## [How to complete this task]
Look through the data for the string "Light". Copy every line where it is found.

________________

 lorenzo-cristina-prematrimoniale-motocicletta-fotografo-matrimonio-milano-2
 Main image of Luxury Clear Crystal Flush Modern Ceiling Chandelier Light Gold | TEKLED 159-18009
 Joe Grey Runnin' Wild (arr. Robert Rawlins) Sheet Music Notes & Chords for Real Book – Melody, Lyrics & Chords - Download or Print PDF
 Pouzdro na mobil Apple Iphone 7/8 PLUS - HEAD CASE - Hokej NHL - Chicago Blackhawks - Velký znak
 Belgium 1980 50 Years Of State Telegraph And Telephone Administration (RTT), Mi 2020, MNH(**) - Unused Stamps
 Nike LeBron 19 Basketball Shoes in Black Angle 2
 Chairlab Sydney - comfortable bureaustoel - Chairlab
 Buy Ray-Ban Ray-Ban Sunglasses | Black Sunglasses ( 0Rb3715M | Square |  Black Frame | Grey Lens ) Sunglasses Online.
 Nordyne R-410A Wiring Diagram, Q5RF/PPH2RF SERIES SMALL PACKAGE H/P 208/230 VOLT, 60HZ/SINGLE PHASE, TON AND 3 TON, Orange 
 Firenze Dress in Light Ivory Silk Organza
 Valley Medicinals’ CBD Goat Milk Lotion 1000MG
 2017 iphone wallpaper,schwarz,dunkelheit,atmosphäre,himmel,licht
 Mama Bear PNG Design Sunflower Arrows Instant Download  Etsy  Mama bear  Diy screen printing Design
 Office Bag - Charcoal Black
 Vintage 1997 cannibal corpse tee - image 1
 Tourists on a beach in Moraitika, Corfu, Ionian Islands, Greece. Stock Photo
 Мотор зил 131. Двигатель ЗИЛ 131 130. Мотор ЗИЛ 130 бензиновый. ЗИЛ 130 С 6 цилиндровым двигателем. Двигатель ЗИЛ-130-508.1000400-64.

________________

## [Solution for this task]
 Main image of Luxury Clear Crystal Flush Modern Ceiling Chandelier Light Gold | TEKLED 159-18009
 Firenze Dress in Light Ivory Silk Organza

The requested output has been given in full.